ZDNet and iVillage have also targeted their content offerings to what analysts consider promising segments of the online community. ZDNet
caters to the growing legion of technophiles, while iVillage speaks to twenty-something to middle-aged women, a group whose buying power is
deemed especially appealing.

The focused content gives these sites leverage with advertisers. Whether it also translates into large chunks of e-commerce revenue could determine whether these sites win or lose.

Meanwhile, MiningCo, what with its "better than a search-engine" strategy, hopes to appeal to a broader audience. But it also segments its content into a variety of topics with the help of 600 "real people" guides. If the model works, the guides will develop online communities where visitors can chat, browse and buy.
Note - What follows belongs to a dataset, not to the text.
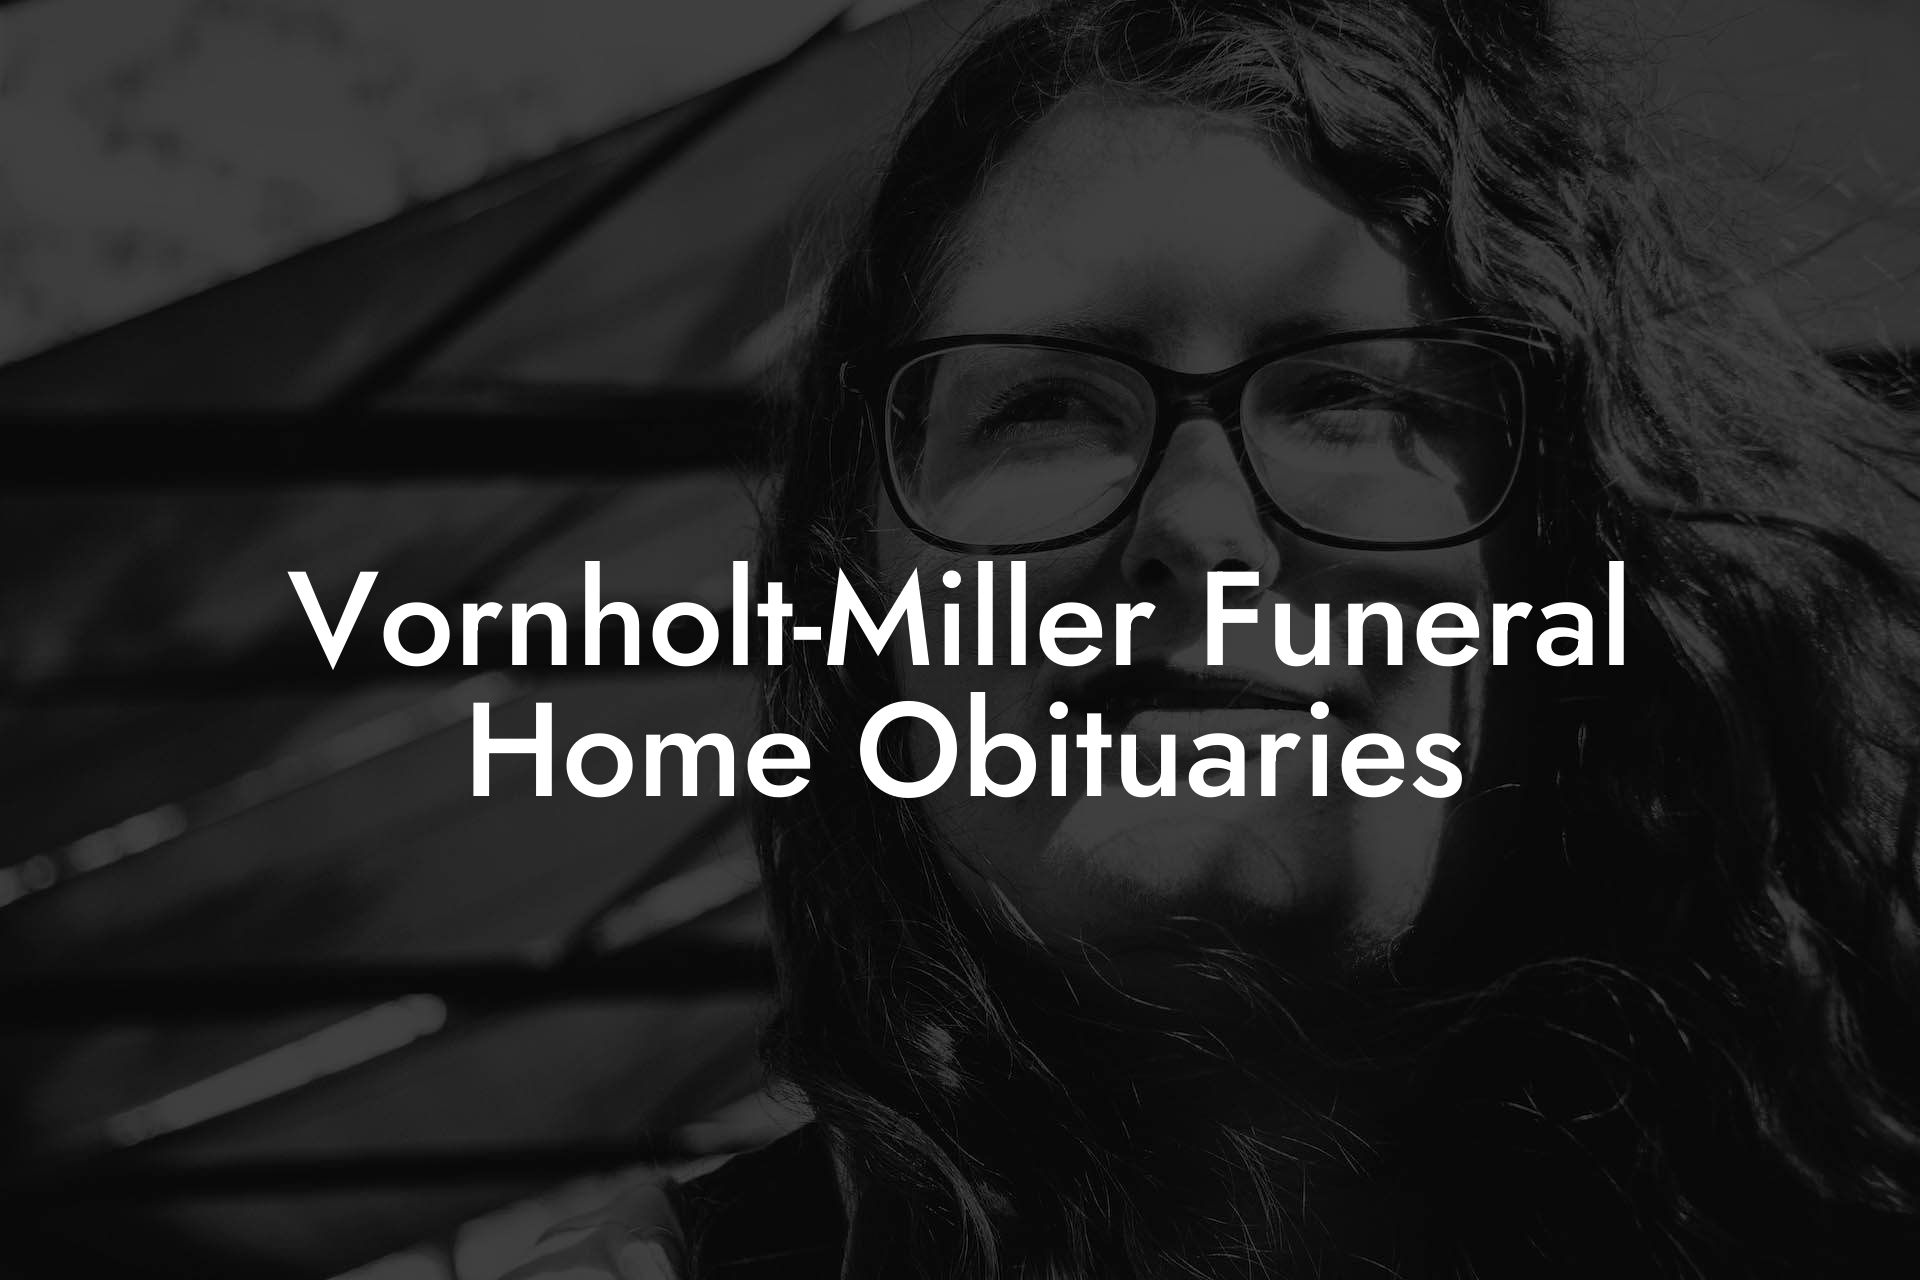 Vornholt-Miller Funeral Home Obituaries
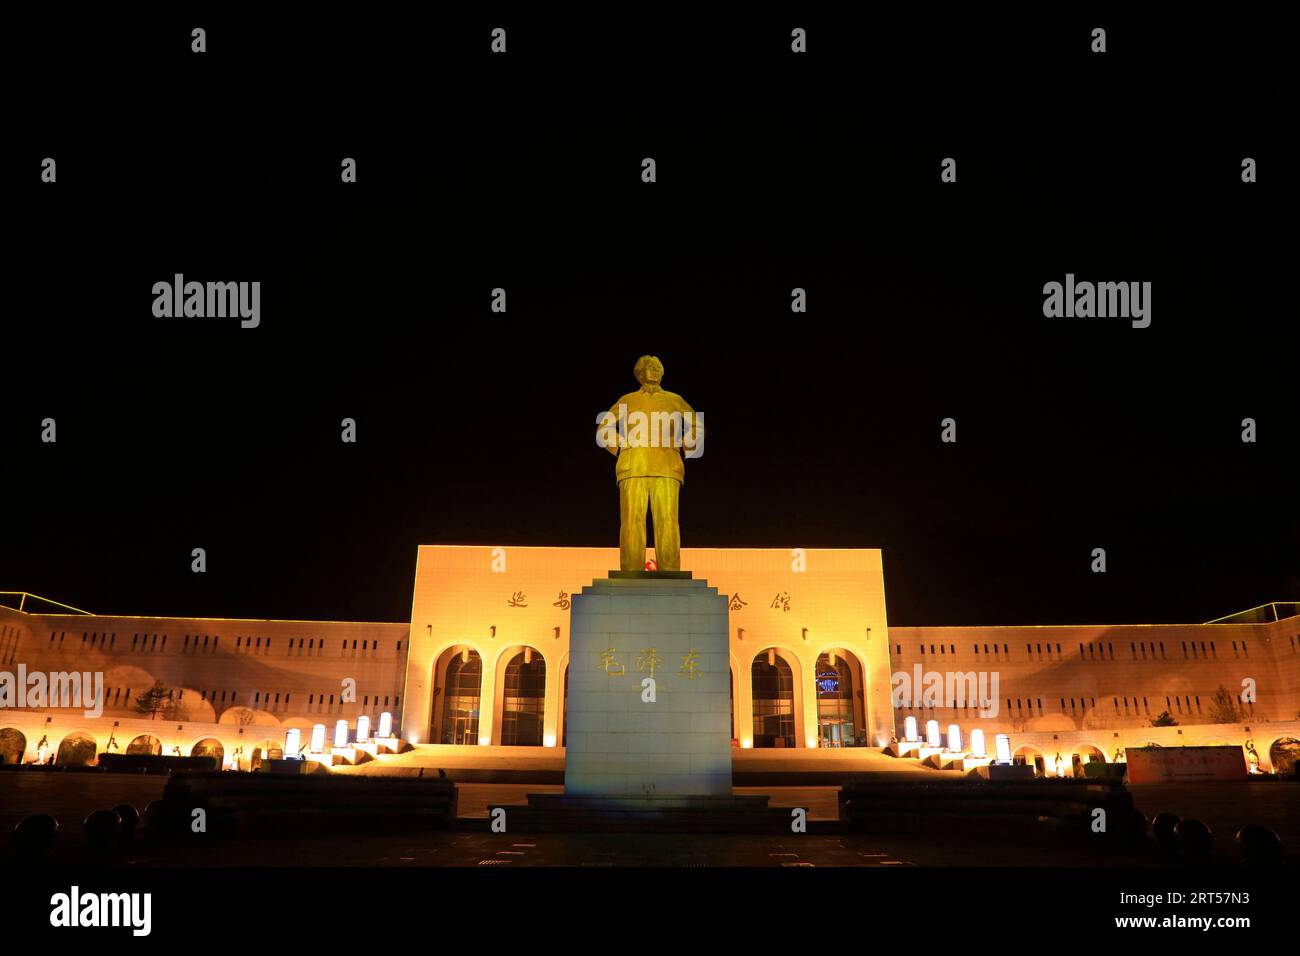 Yan'an City - 2 avril 2017 : sculpture de Mao Zedong dans la nuit, ville de yan'an, province du Shaanxi, Chine Banque D'Images

Given the rate of consolidation in the sector, it's conceivable that MINE and IVIL are in the crosshairs of the Web giants. (ZDZ is still under the Ziff-Davis umbrella.) Their billion-dollar-plus market caps certainly make them less palatable than they were several weeks ago. But Yahoo wasn't afraid to offer $5 billion for community site GeoCities (GCTY) earlier this year, and acquisition currency is plentiful in this market.

Still, the new entrants have shown every indication of going it alone. And back in investment fantasyland, the Silicon Alley newbies can look to the great grandfather of New York Web concerns, DoubleClick (DCLK), for proof that there's life beyond the IPO. Already in its 14th month as a public entity (!), the graybeard has rewarded those who got in at the offering price with a nearly 1,000% return on their opening-day investment of $17 per share.
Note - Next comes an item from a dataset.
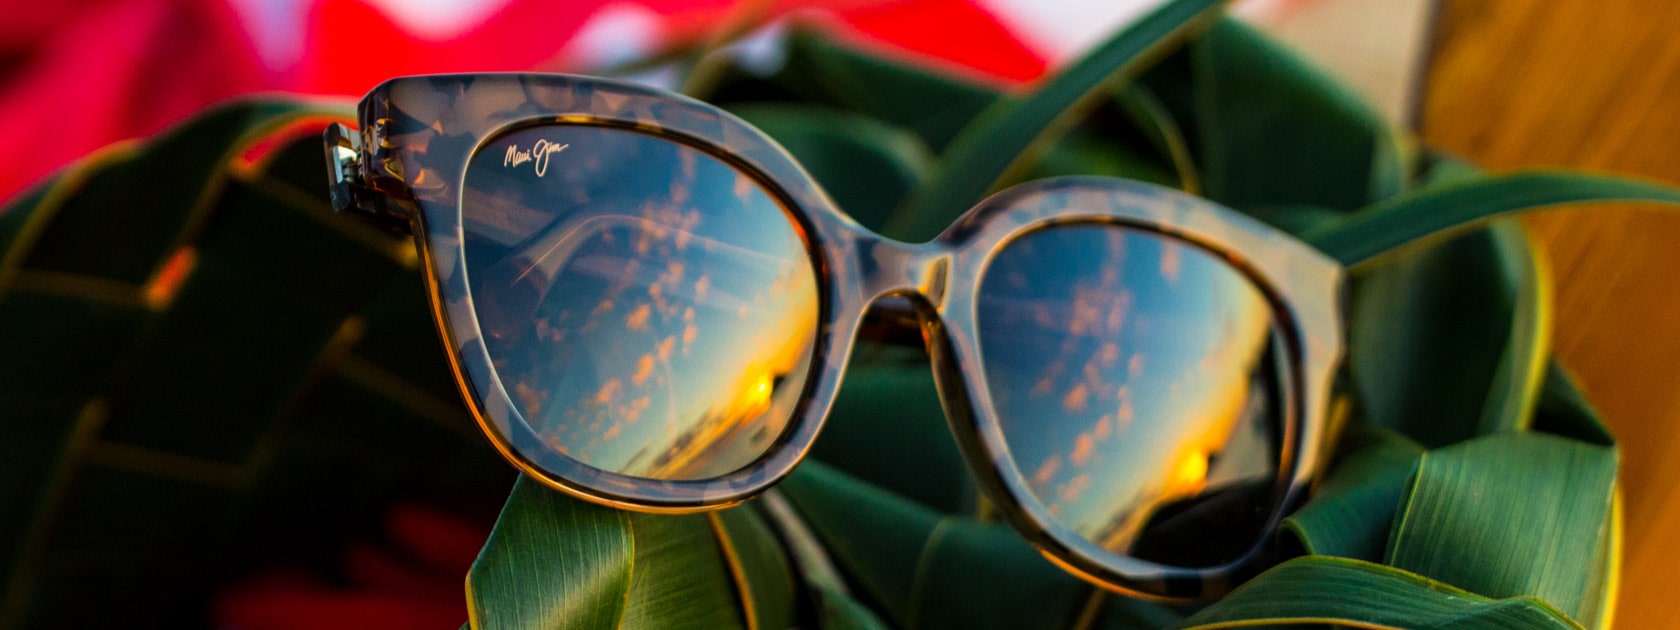 occhiali da sole con montatura tartaruga e riflessi di cielo sulle lenti mostrati su foglie verdi

And even as the market capitalization soars toward $4 billion and the stock trades at 45 times trailing 12-month sales, analysts continue to
recommend buying shares. Seven of seven pundits who track the issue for Zacks rate DCLK a Buy or Strong Buy. Says Ken Winston of Needham & Co., "Valuation is tough on all these stocks, but this is a clear leader."

Winston admits that he has watched DoubleClick soar past all of his price targets and rendered most of his valuation metrics obsolete. But he certainly isn't alone. And if an analyst had slapped a $190 target on the issue last year, surely the cries of foul would have been deafening.

Overvalued or not, DoubleClick has developed into an enviable Web property. Revenue almost tripled to $80 million in 1998, and the company counts 1,300 Web sites among its banner ad customers. And DoubleClick continues to have success in raising money for future endeavors. Earlier this month, the company issued $200 million in convertible debt, and confirmed its plans to examine expansion through acquisition.

But the Internet's continuing evolution, coupled with stock's perilous height, still makes this issue unfit for widows and orphans. And that goes double for this new wave of Silicon Alley hopefuls.